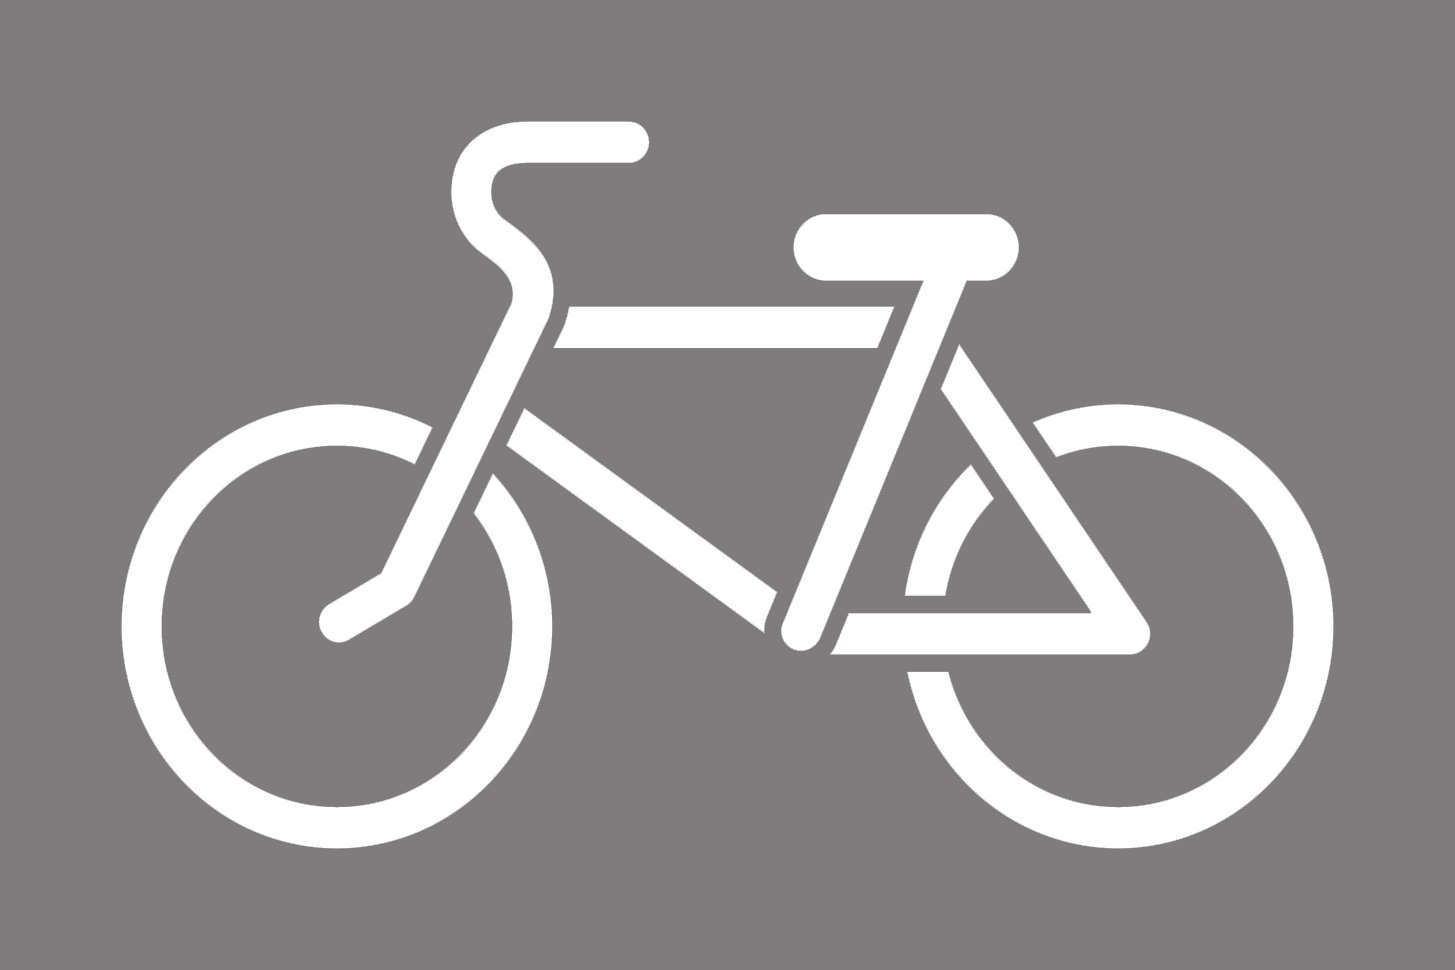 1 24 2017. Разметка 1.23.3 велосипедная дорожка. Трафарет дорожной разметки 1.24.1. Трафарет велосипедная дорожка. Разметка велосипедной дорожки.
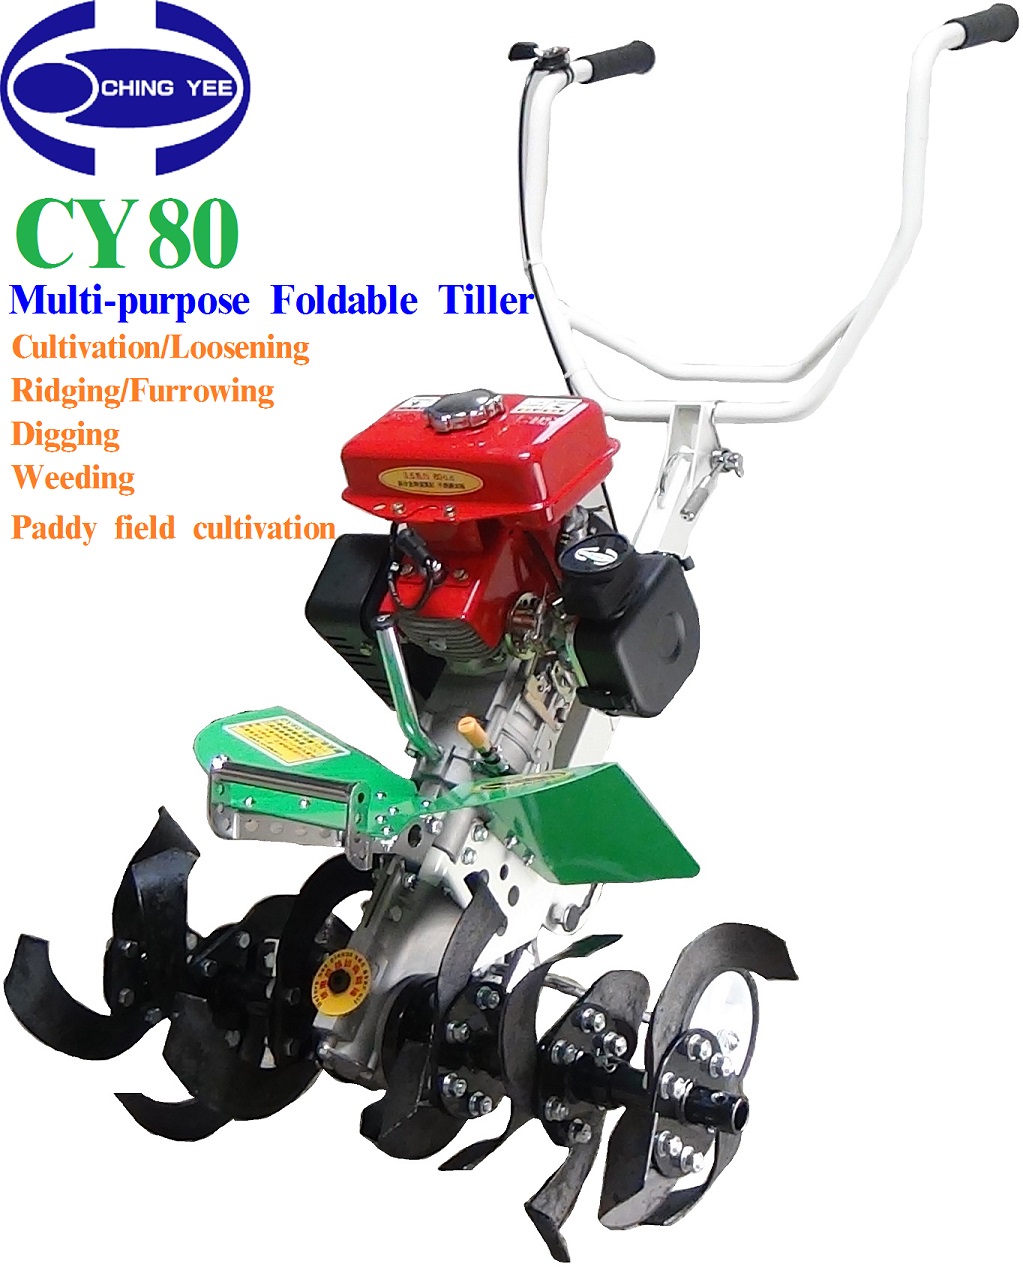 CY80 Multi-purpose Power tiller/Cultivator
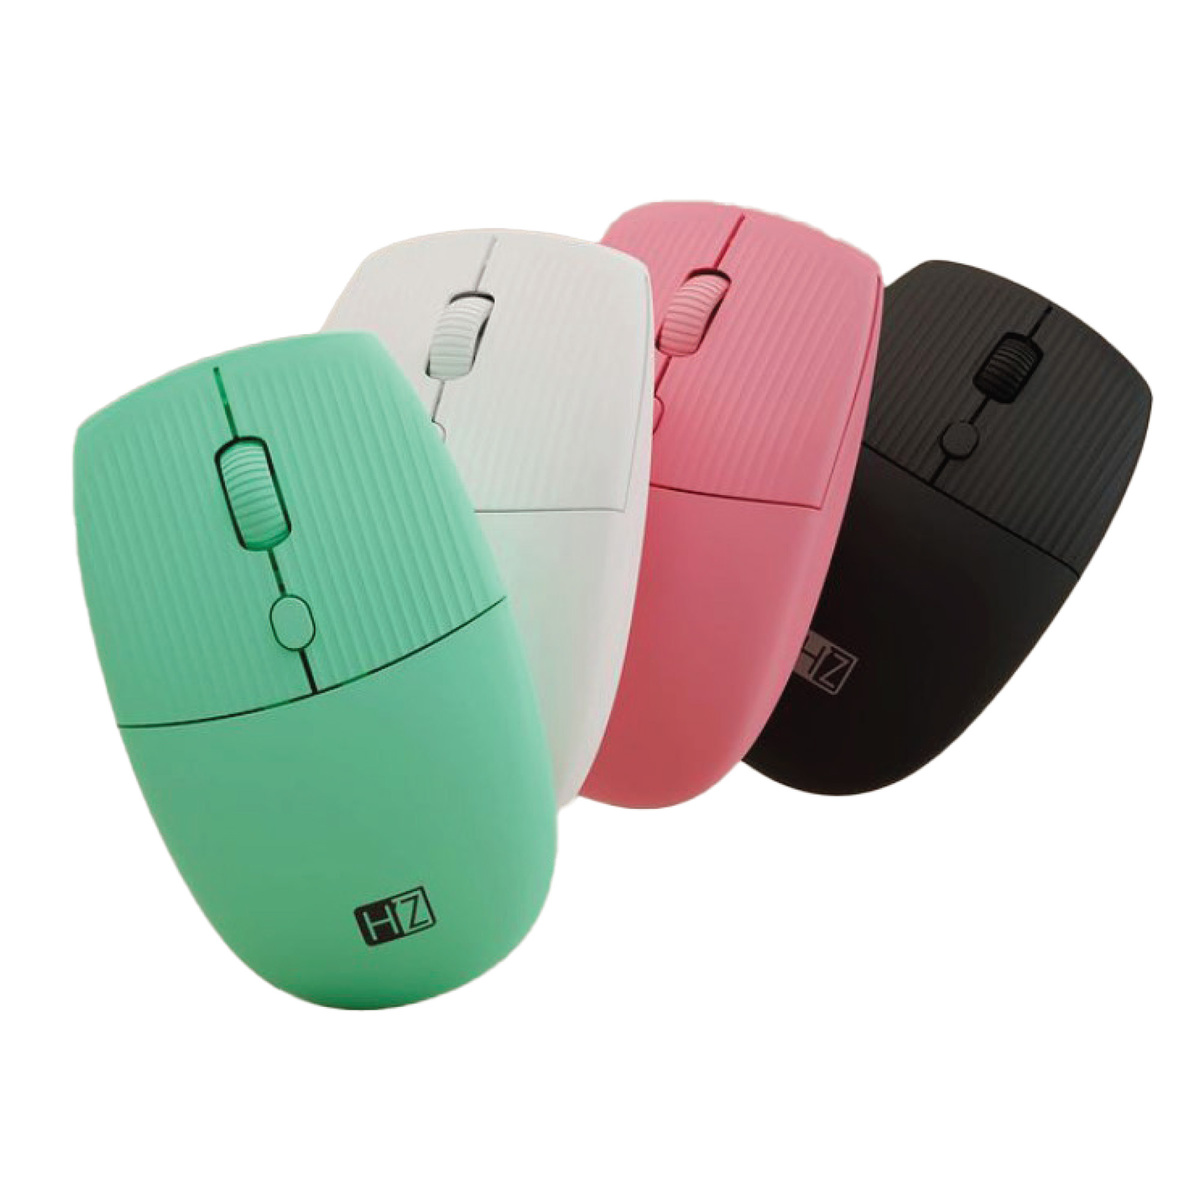 Heatz Wireless Mouse 1600 DPI-ZM13 Assorted
☆ ☆ ☆ ☆
--- WORK INSTRUCTIONS ---
I would like the data above transcribed exactly, with its pictures left out.

--- TASK RESPONSE ---
 1 24 2017. Разметка 1.23.3 велосипедная дорожка. Трафарет дорожной разметки 1.24.1. Трафарет велосипедная дорожка. Разметка велосипедной дорожки.
 CY80 Multi-purpose Power tiller/Cultivator
 Heatz Wireless Mouse 1600 DPI-ZM13 Assorted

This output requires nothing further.